The Japanese, Kieren had read once, have an art of fixing broken things with lacquer resin mixed with gold or silver, the cracks and missing pieces becoming history, becoming illuminated.
So maybe it’s like that, he thinks, maybe he can’t fix Simon but maybe he doesn’t have to, in the first place. Maybe this will be good too: bold touches, palms hurriedly pressed against skin and hair, shared breaths that they don’t really need but still want, when one starts and other finishes, lips and teeth catching – hungry, wanting.
He traces along Simon’s spine – fingers just shy of the naked flesh and bone, the no man’s land. Maybe this is the plan instead, he thinks, maybe this is how it goes.
II
For in much wisdom is much vexation,
and he who increases knowledge increases sorrow.Ecclesiastes 1:18
Sometimes Simon thinks he would rather not know. It’s selfish, he tells himself, you’re selfish. But he still sometimes will look at Kieren and think no, no, not him.

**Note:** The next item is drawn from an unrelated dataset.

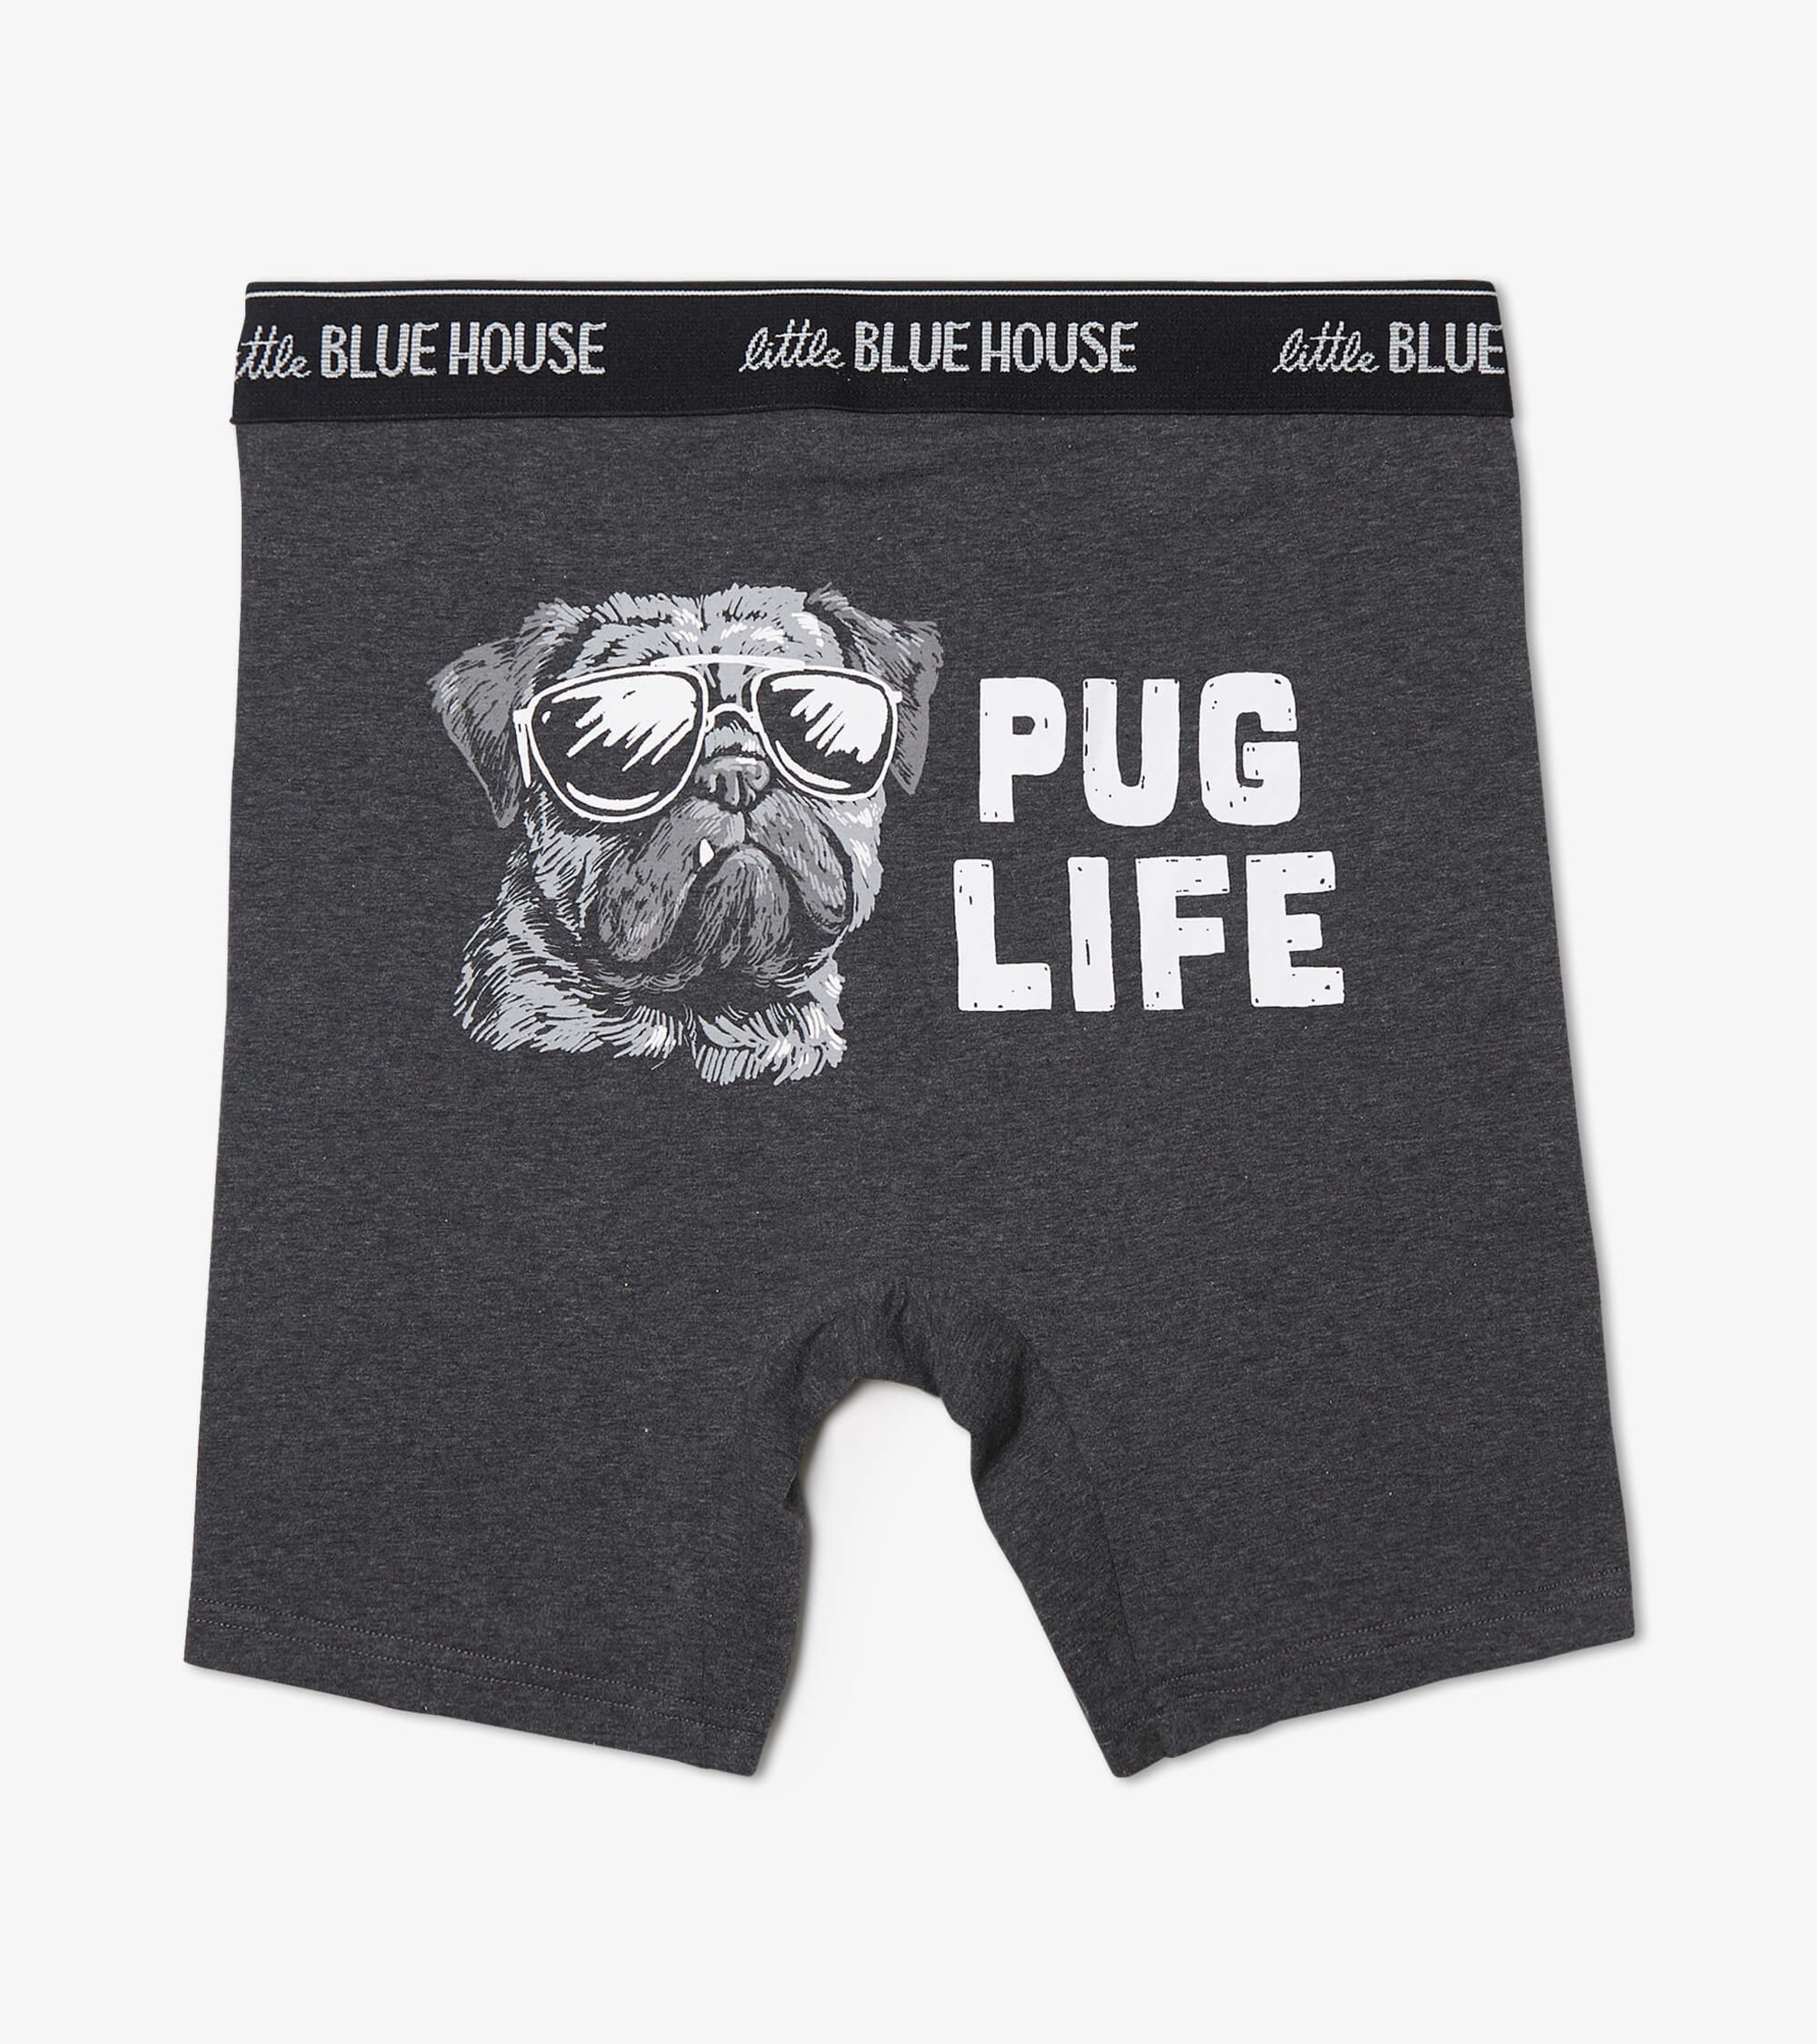 Pug Life Men's Boxer Briefs - Little Blue House US

“Tell me about your death?” Simon asks against Kieren’s collarbone, lips moving slowly against the cold ashen skin. And then thinks a moment later No, no, please don’t. He does tell him, of course, his brilliant boy.
Sometimes he will wake up in the middle of the night with the clock showing some ridiculous hour, he will wake up and look at Kieren sleeping next to him and Simon’s forever-still heart will bleed.
“Tell me?” Kieren asks, touching his back for the first time. It’s gentle. He doesn’t feel it, of course he doesn’t, but he knows it is, like a phantom memory – not real, but it could be. It could be. Simon twists his mouth, if he could still taste he’s sure he could feel the stale tang of shame and anger on the tip of his tongue. He tells Kieren everything. Of course he does.
Sometimes they will be walking somewhere, fingers not quite touching, and Simon will suddenly catch a glimpse of the stitches on Kieren’s wrists and think thank you, thank you, I have him now and why him, why, not him all at the same time. Selfish, he tells himself and then thinks: but love is selfish, isn’t it?
They will be walking somewhere and Simon will take Kieren’s hand and lace their fingers together, map patterns on his palm with his thumb.
And Kieren will smile brightly and say, “I know.”